Après 1989 et jusqu’au début des années 2000, la commission se concentre sur la publication de recueils de sources historiques inédites. Le dialogue s’approfondit au fil du temps : partant d’une opposition flagrante sur des sujets comme les expulsions à l’issue de la Seconde Guerre mondiale, le rôle de l’Ordre des Chevaliers teutoniques ou l’importance de la Bataille de Grunwald/Tannenberg33 – qui donne son titre à cet article – au Moyen-Âge, la commission est peu à peu devenue un lieu de convergences. Habitués à discuter ensemble, ses membres ont développé une culture du travail en interaction. Les histoires nationales incompatibles se sont muées en perspectives variées, puis en une mise en récit commun de l’histoire. Inhérent au format d’un manuel scolaire, ce récit est toutefois partiel et orienté vers un public précis : les élèves du secondaire.

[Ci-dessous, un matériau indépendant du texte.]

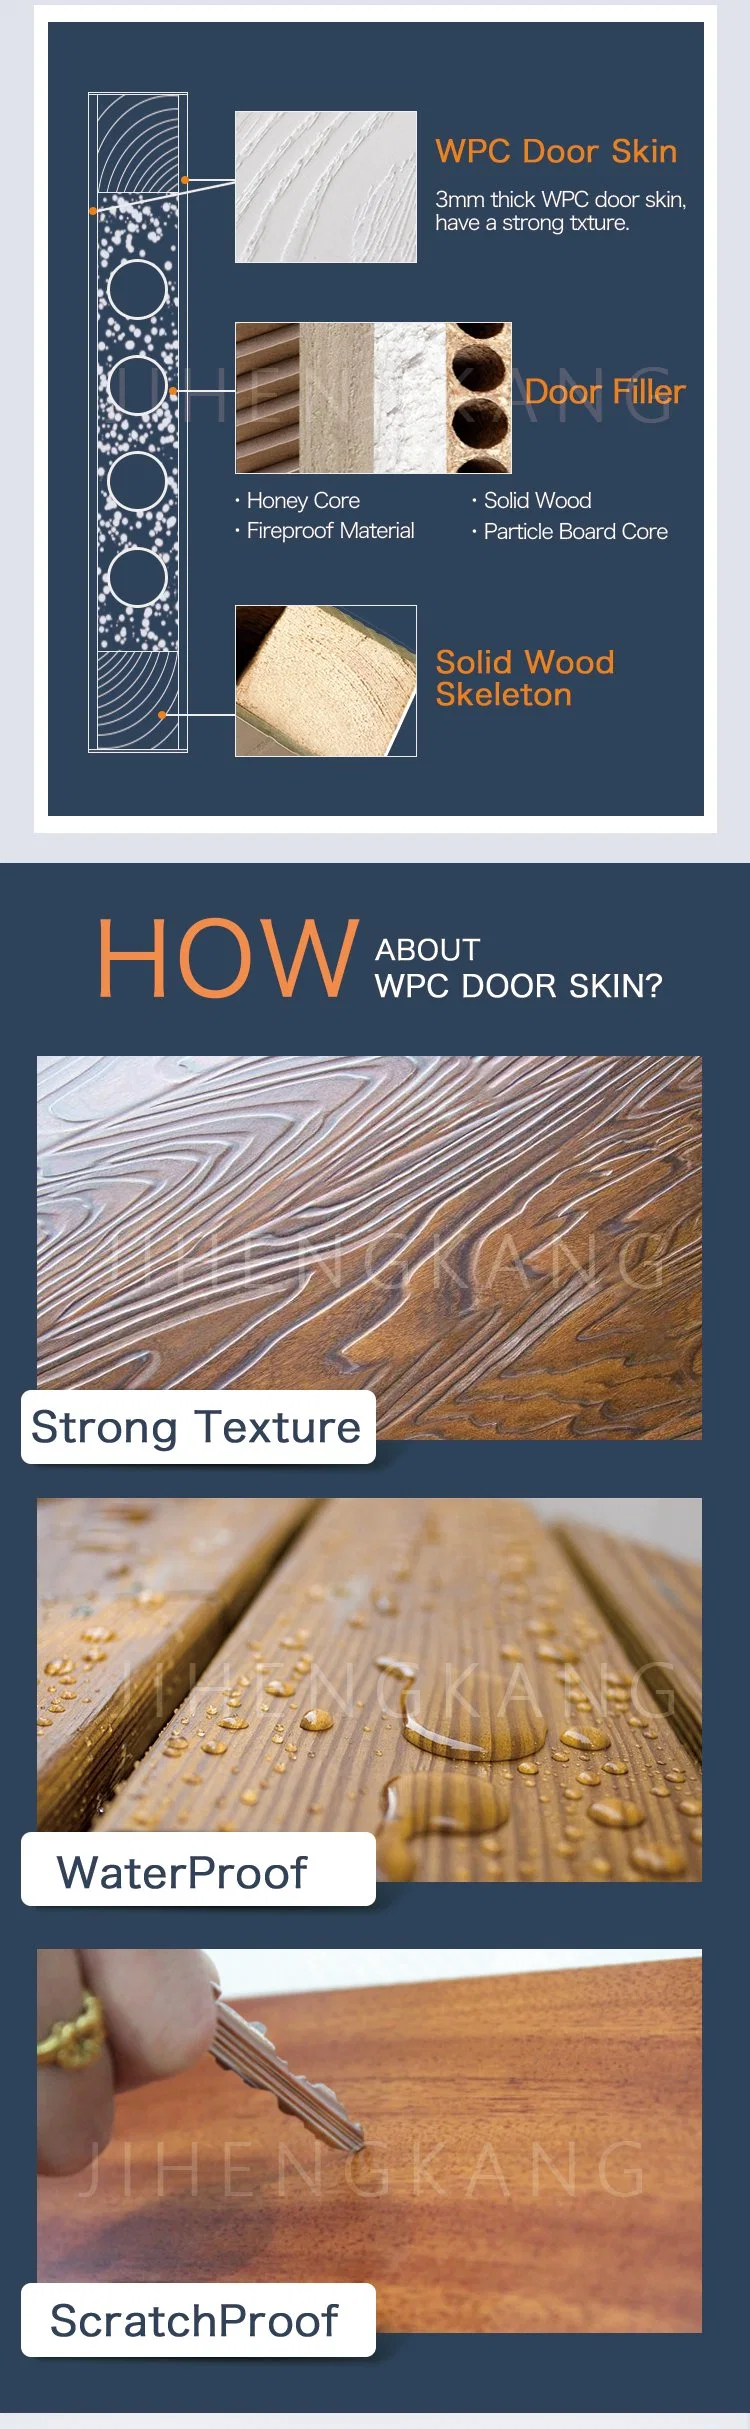 Jhk Arched Wooden Bathroom Solid Wood Core Interior WPC Door

Limité par la rédaction d’un supplément national polonais pour répondre aux spécificités du programme scolaire, il n’en demeure pas moins un instrument de coopération transnational novateur.
Genèse immédiate du projet
Lorsque le ministre allemand des Affaires étrangères Frank-Walter Steinmeier propose à son homologue polonais de mettre en place un projet de manuel commun d’histoire, il place la démarche dans le sillage du manuel franco-allemand dont le premier volume est publié la même année :
« Il n’y a pas si longtemps, nous avons réussi pour la première fois à publier un manuel d’histoire commun germano-français, qui est utilisé dans les écoles des deux pays. Peut-être n’est-il pas impossible d’élaborer à moyen terme un manuel d’histoire commun germano-polonais qui nous aide à mieux nous comprendre mutuellement34 ».
Le gouvernement polonais d’alors, dirigé par le PiS, ne répond pas à la suggestion. Cependant, l’arrivée au pouvoir de la PO de Donald Tusk en 2007 donne lieu à une relance des relations polono-allemandes, toujours dans une optique de rapprochement, voire de réconciliation35. Le nouveau gouvernement soutient aussitôt la proposition de Steinmeier et le projet est officiellement lancé en mai 2008. Sa réalisation est confiée à la commission polono-allemande sur les manuels scolaires, qui s’est imposée comme l’institution évidente pour mettre en place un tel programme, malgré une première hésitation36. La commission a cherché à justifier sa légitimité, en insistant sur son expertise ancienne37 et sur l’étude de faisabilité détaillée déjà réalisée par le secrétaire scientifique allemand de la commission38.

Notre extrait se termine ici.